Ya know, if ya buy anything on amazon or any of the other web based stores, you probably have seen the reviews of the product.....you gotta check this out, you will laugh your ass off....I'm still wiping away tears

Not sure the link so I'll just tell you what to do....my friends TV was stolen last week, so I've been helping them look for another one......found this.....1) go to amazon.com. 2) in the search bar type in "Samsung un85s9" 3) check out the 1st review 4) get Kleenex

Sorry no link...not sure how to do it on iPad


----------



## Russ61 (May 19, 2011)

Thats some funny stuff !!


----------



## rjmoses (Apr 4, 2010)

More funny stuff:

http://news.yahoo.com/sock-monkey-s-toy-gun-detained-by-tsa-215850875.html

Ya can't fix stupid, Pardner!

And then there's this one:

http://www.suntimes.com/23203709-761/two-dozen-arrests-not-a-problem-for-illinois-prison-official.html

Only in Illinois!

Ralph


----------



## Vol (Jul 5, 2009)

Ralph, that's so disheartening that people can be that void on common sense....but that is very commonplace.
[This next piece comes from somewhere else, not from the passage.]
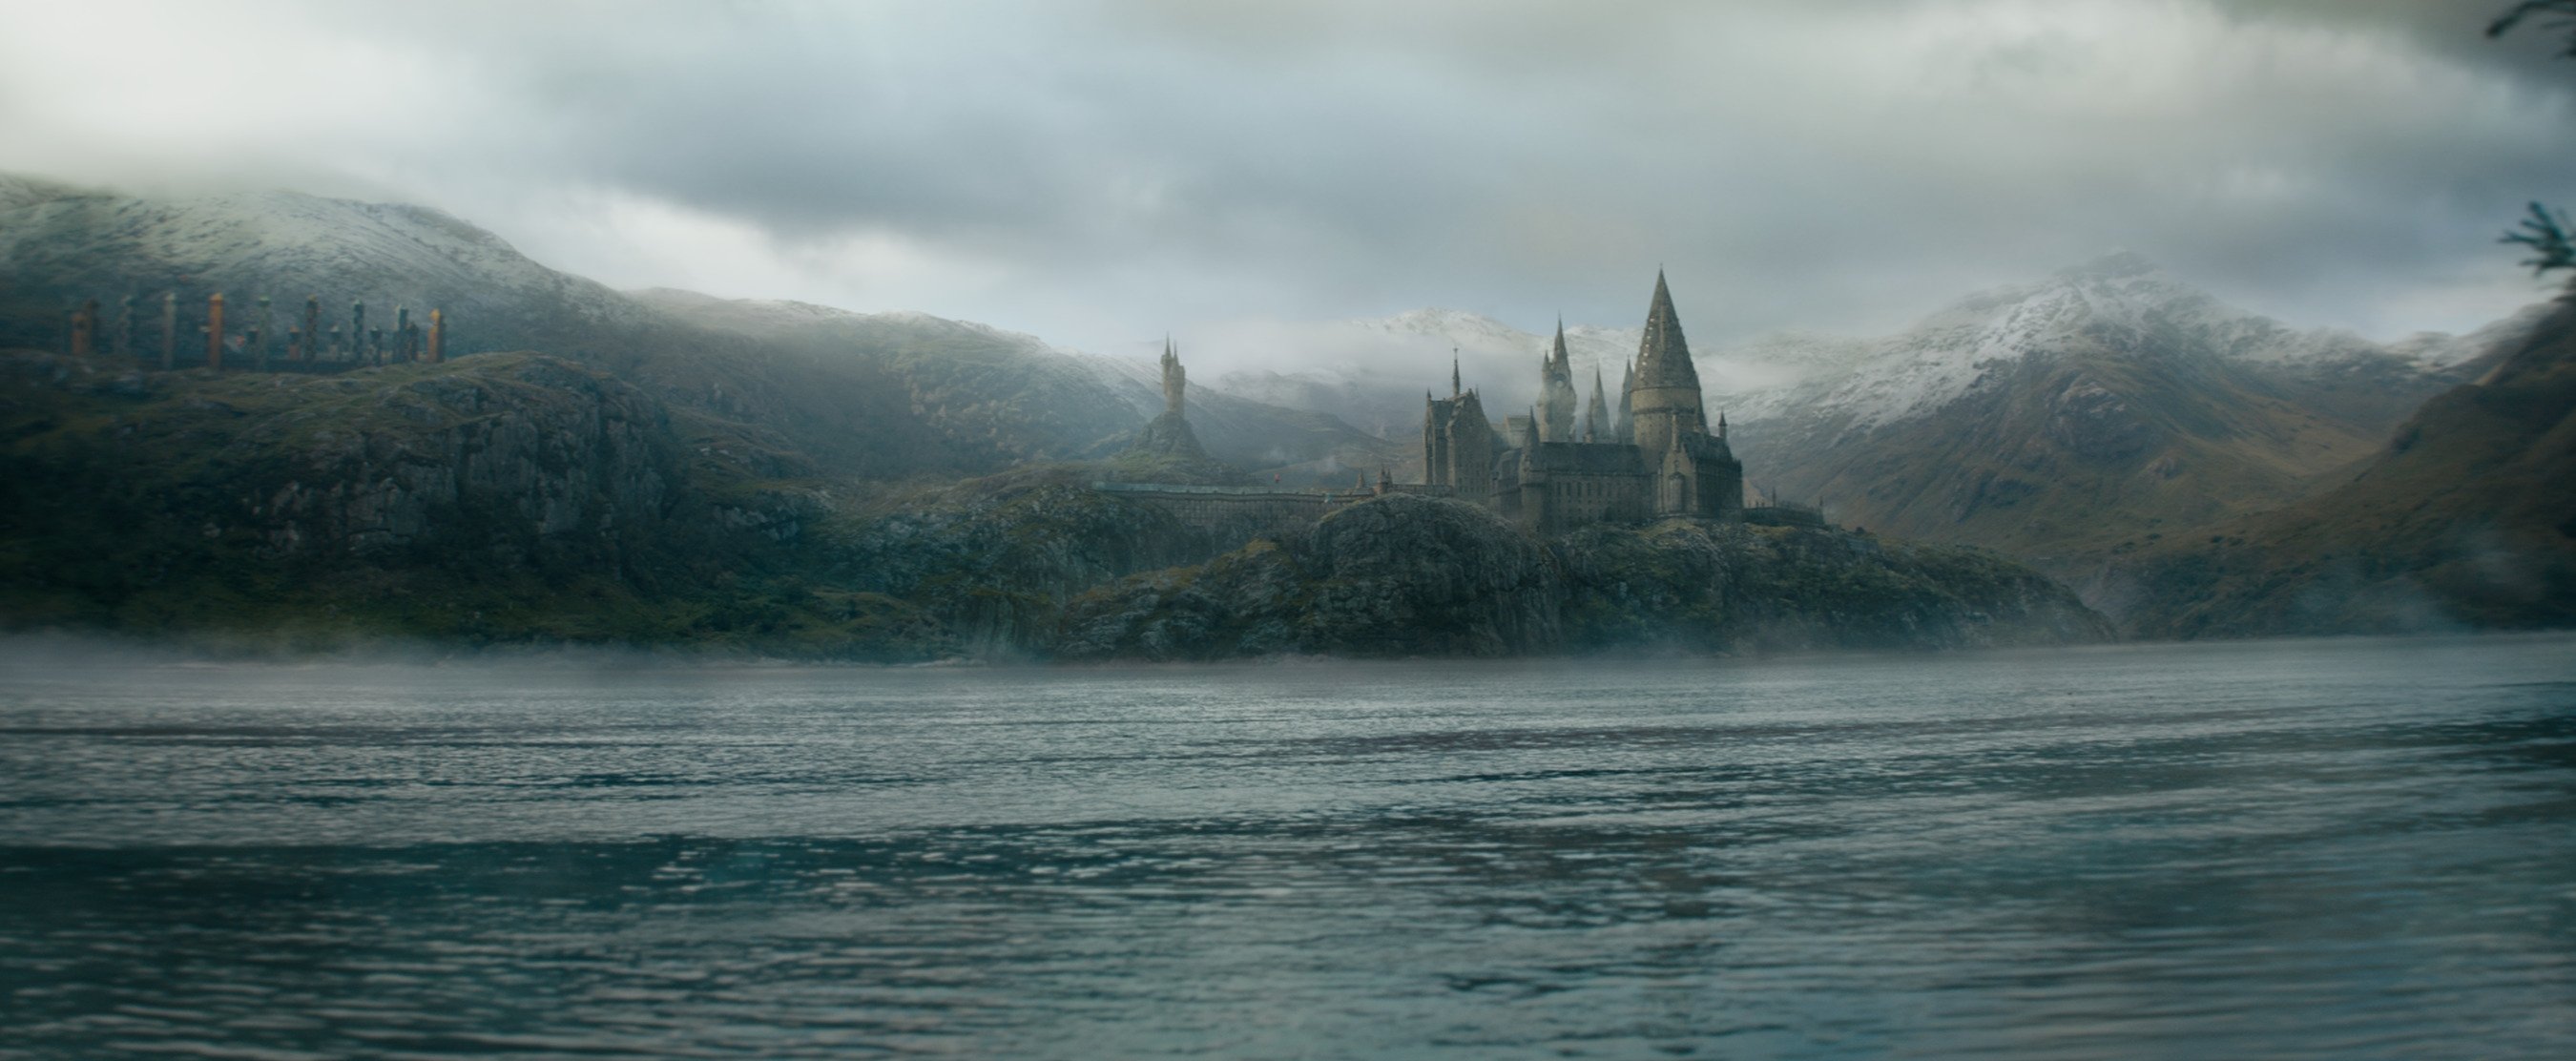 No secrets in 'Fantastic Beasts: The Secrets of Dumbledore' | Daily Sabah

It is no wonder that people fly off into fits of rage these days.

Regards, Mike


----------



## ontario hay man (Jul 18, 2013)

Lol that was funny. I just about **** myself when I saw the price lol


----------



## somedevildawg (Jun 20, 2011)

Ralph, down here we call that the "fox guardin the hen house"
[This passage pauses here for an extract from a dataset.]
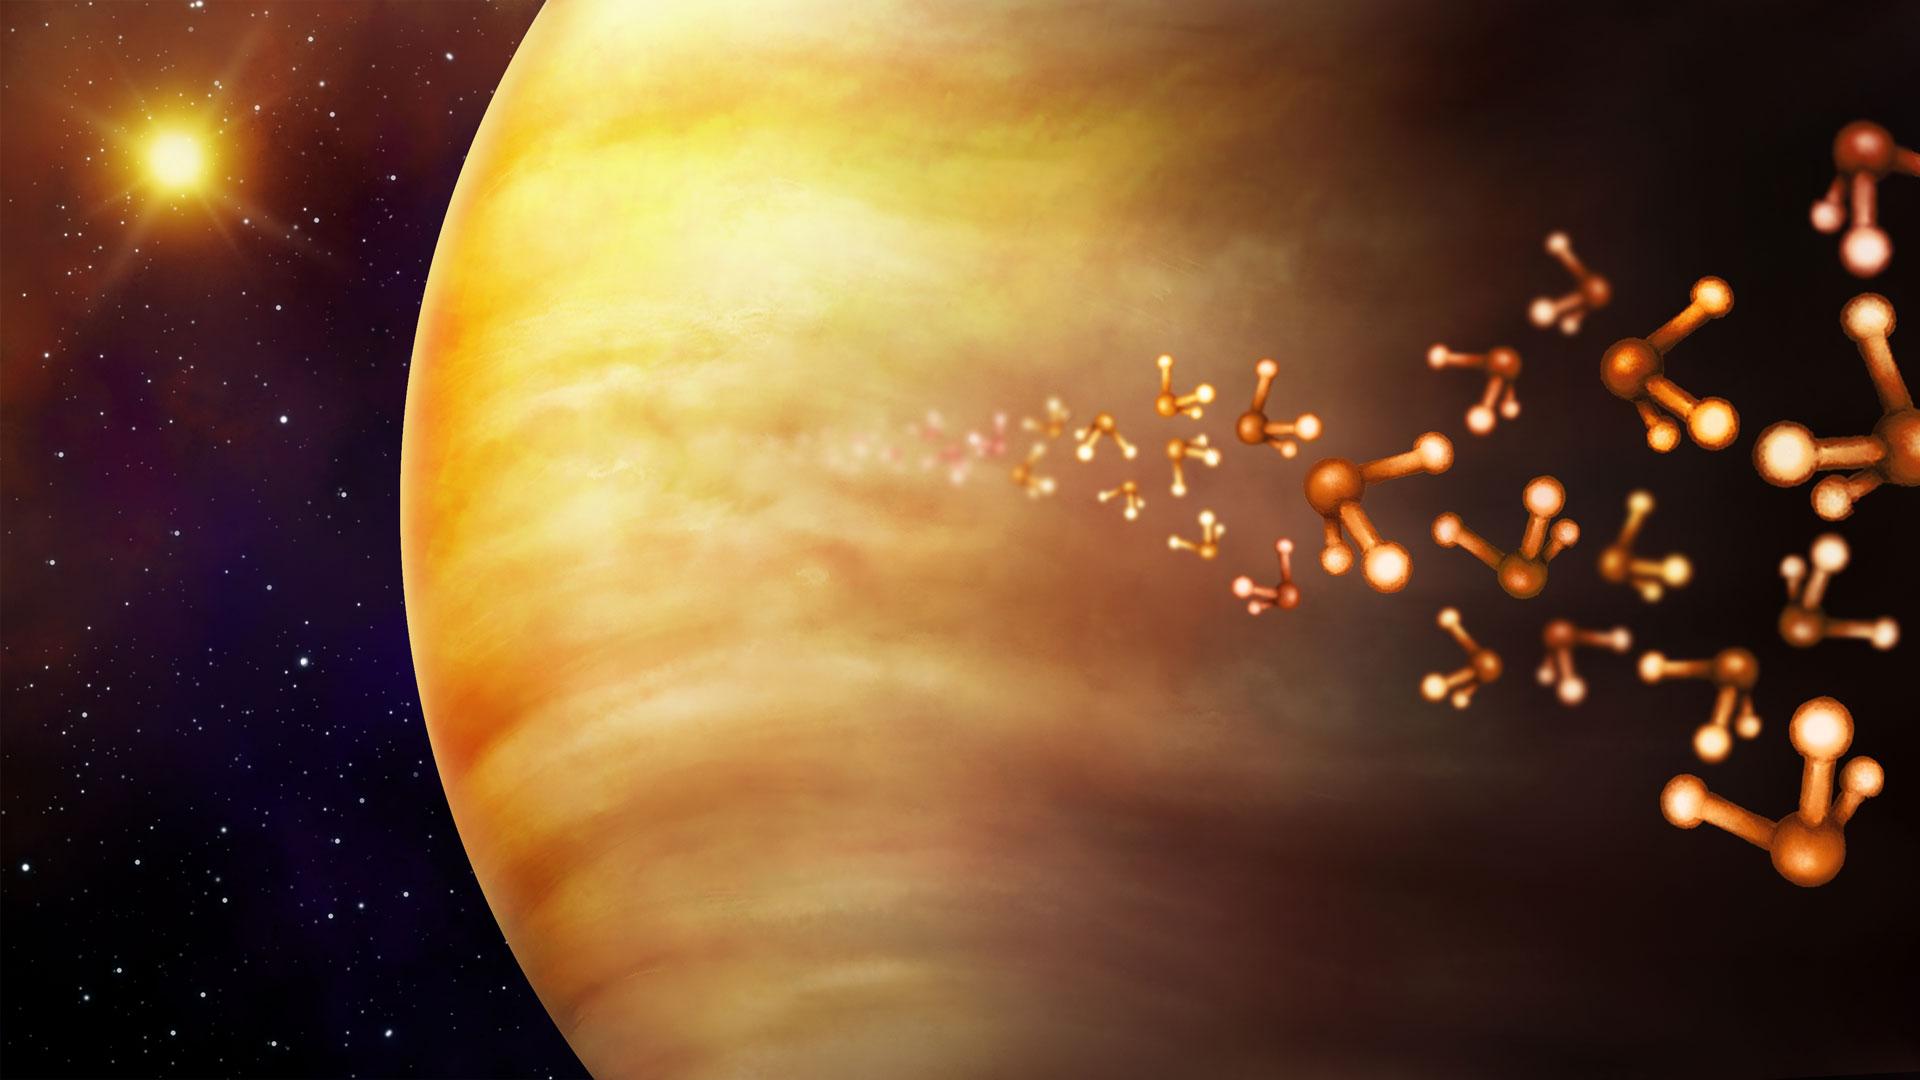 Venus' Atmosphere Is Very Dense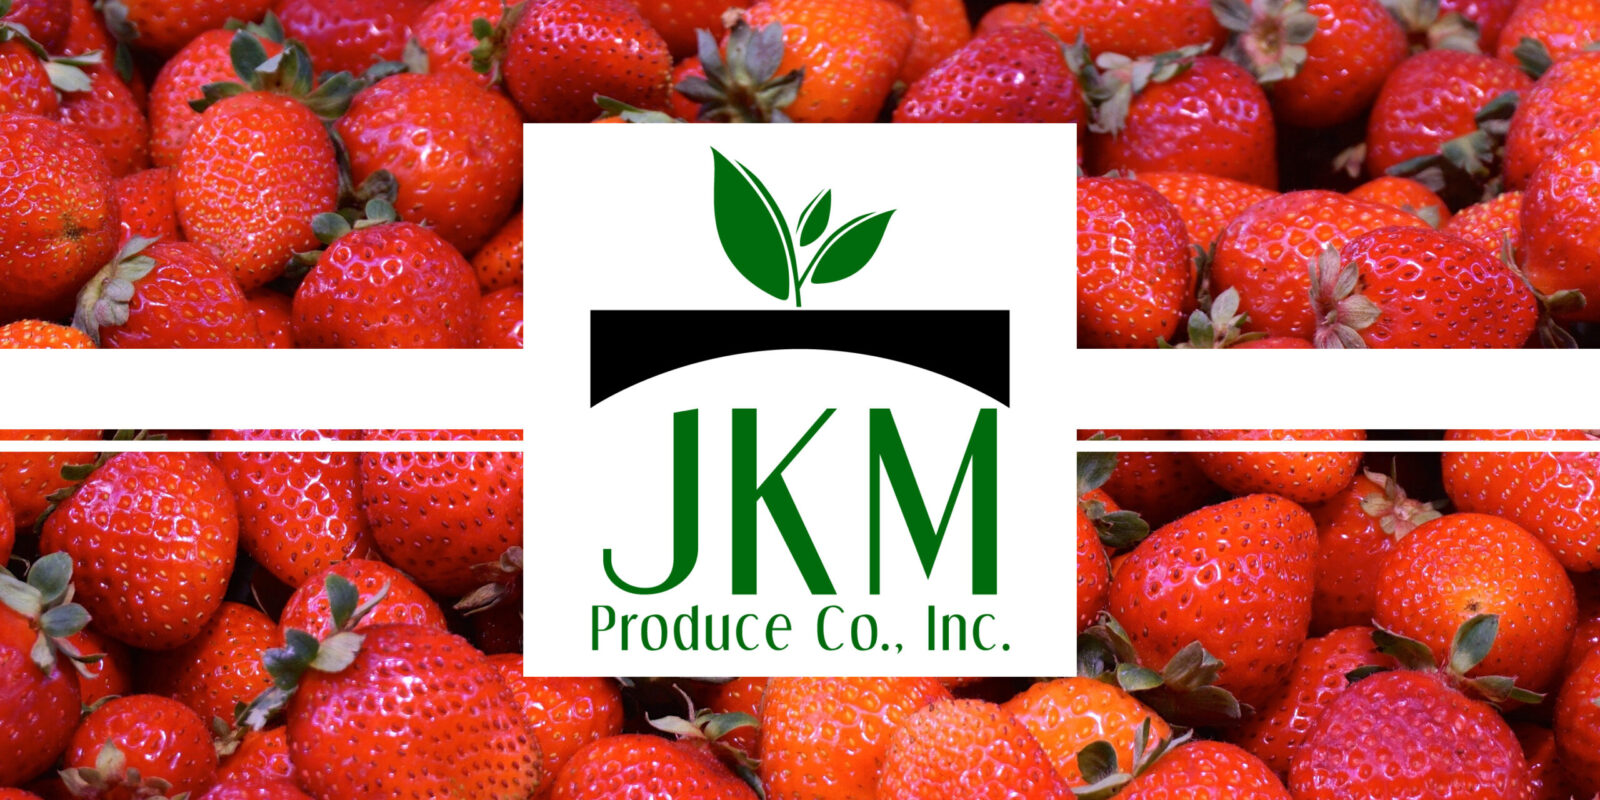 JKM Produce

You may be being optimistic however, it happens in MN, DC and I'm sure other democrat strongholds....unbelievable? No, not in today's world....what the hell are those people thinking......prerequisite to thinkin is to have some form of intelligence, lil short on that component....


----------



## ontario hay man (Jul 18, 2013)

Wait was that for real. I thought it was a joke


----------



## somedevildawg (Jun 20, 2011)

Stick with your first thoughts they're usually right....


----------



## Tim/South (Dec 12, 2011)

Here is a list of other reviews the guy has written.

http://www.amazon.com/gp/pdp/profile/A2Q14JXZX4R807/ref=cm_pdp_pop_prof_more


----------



## JD3430 (Jan 1, 2012)

IMO, most TSA agents are mall cops that got their BIG opportunity because of the 9/11 tragedy.
Now dey rollin big time. Gotta let you know THEY'RE in charge and they can make you do anything they want to you.


----------



## bensbales (Jul 18, 2011)

Thanks for sharing that was some funny s.....t. I recommend watching " what does a farmer say" on youtube.


----------



## FarmerCline (Oct 12, 2011)

JD3430 said:


> Gotta let you know THEY'RE in charge and they can make you do anything they want to you.


That sounds like our local police department. The chief of police thinks he is really a big shot and and makes sure everyone knows it.


----------



## ontario hay man (Jul 18, 2013)

bensbales said:


> Thanks for sharing that was some funny s.....t. I recommend watching " what does a farmer say" on youtube.


Ya that was good. Check out peterson farm bros to lol they are awesome.


----------